7. Short-term "missionaries" (i.e. kids or adults on a mini-vacation/exposure trip) ISN'T missionary-work. Let's stop calling them after the name of called ministers of the gospel and their assistants.

8. What does "business" have to do with "missionary"? Seems like this problem is with missionaries (of whatever sort) getting their priorities mixed up.

9. I am happy with medical-mission work, but no proper mission begins with Rx, and Christ come afterward. And it is not the church's job to raise sanitation levels. I expect mission-work to result in better sanitation, but that's because really changed lives translate into changed society. If society isn't changed, perhaps it isn't that the message needs to be changed from "Christ" to "sanitation," but rather that preaching "Christ" has NOT BEEN the message of about 90% of the missionary-labor for the past century.

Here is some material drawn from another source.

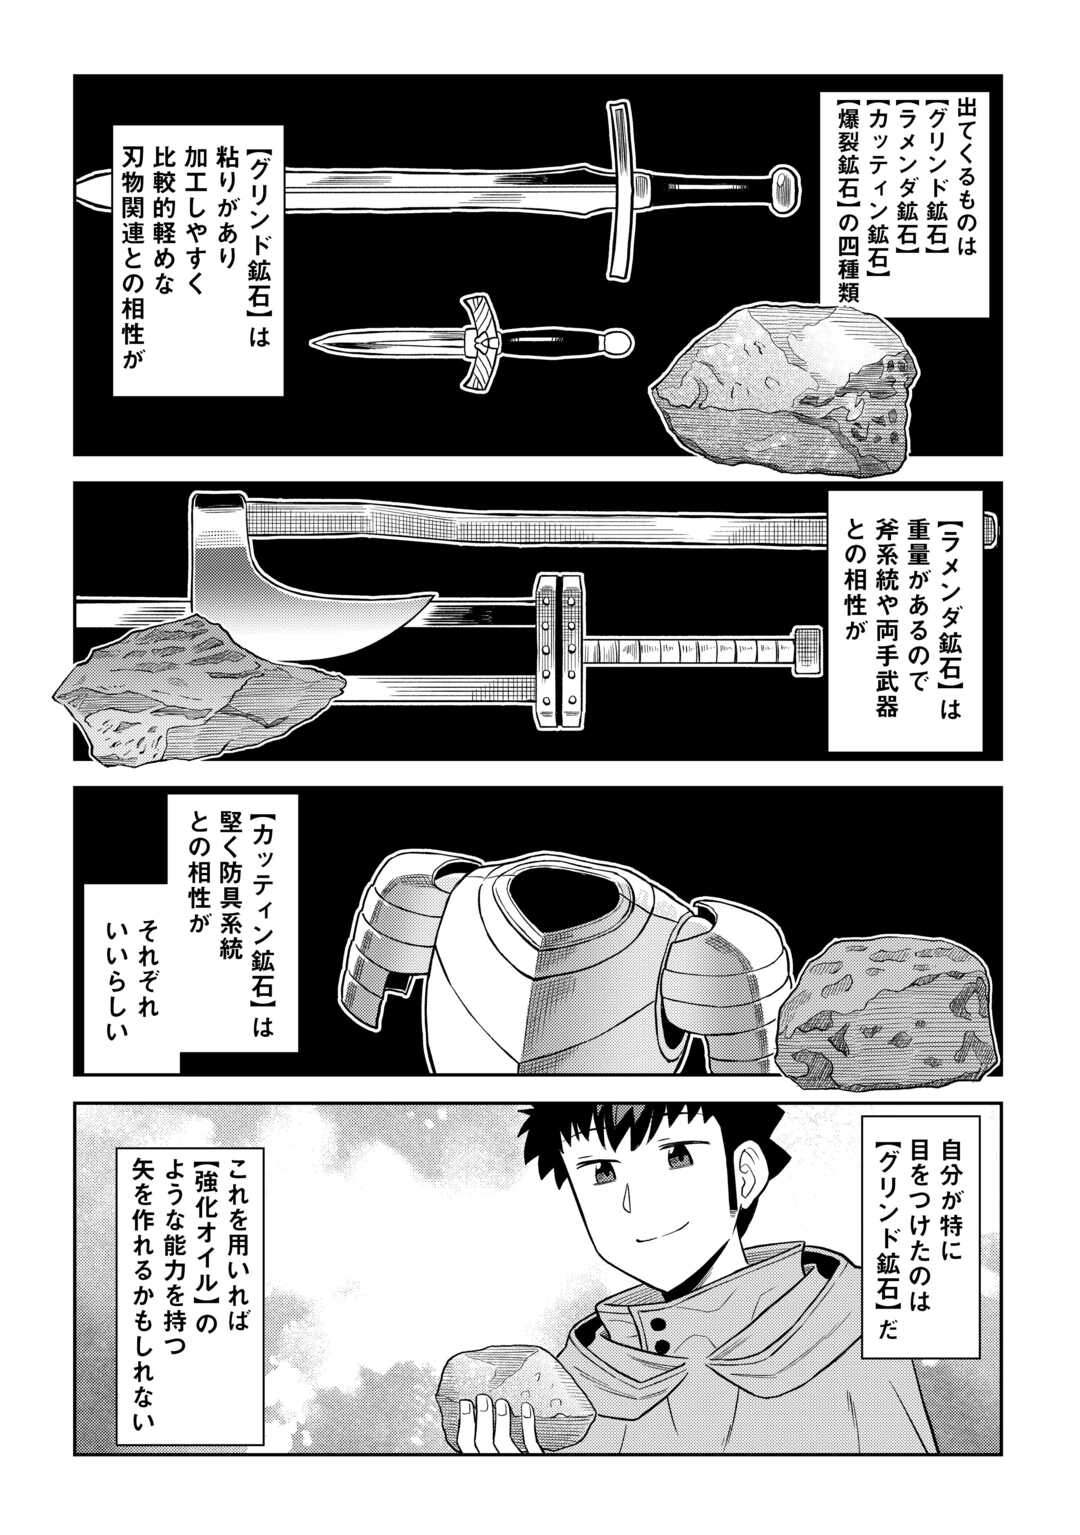 Toaru Ossan no VRMMO Katsudouki - Chapter 95 - Page 2

10, 11, 12. Here, we are just getting farther and farther away from anything recognizable as biblical mission...


----------



## jambo (Mar 18, 2010)

1. The Mistake of Starting Bible Schools, and not Universities
I thought the great commission was to make disciples of all nations and to teach them all things Christ has commanded. The focus of mission is to plant churches not colleges

2. The Mistake of Only “Salvation in Heaven,” not of helping God's “Kingdom on Earth”
I think this is a mistake a lot of churches here in the west make and not just in the missionfield.

5. The Mistake of Insisting that Devout Followers of Jesus Call Themselves “Christians” and Identify with the Western Church
I think this is a problem and particularly so in the Islamic world. Christians in Asia, Africa or wherever should be called Christians but their churches should reflect the Indian, African etc culture rather than western culture

6. The Mistake of Sending Only Money, Not Missionaries
Definitely. Sending money is for some a substitute for not going

7. The Mistake of Sending Short-Termers, Not Long-Termers
I think short termers have a valid role to play on the mission field and can be a great encouragement. However this thinking has usurped the need for long term workers. Some feel they can do short term work and that is their bit for the kingdom over. I think a lot in the west need to rethink missionary commitment.


----------



## Covenant Joel (Mar 18, 2010)

Contra_Mundum said:


> The premise of the article seems off. They are criticizing such a huge picture, that they end up saying very little to people who have "stuck to their knitting" over the decades.
> 
> 1. Missionaries should start a Seminary, and let some other entity or person do University or "Bible School."
> 
> 2. Missionaries should be primarily concerned about "making disciples," who then live as Citizens of Heaven, sojourning here on earth. I think I understand what is WRONG with the "get-them-saved" approach being criticized, however the answer isn't the CHURCH getting people thinking more about the WORLD than about HEAVEN, where Christ is!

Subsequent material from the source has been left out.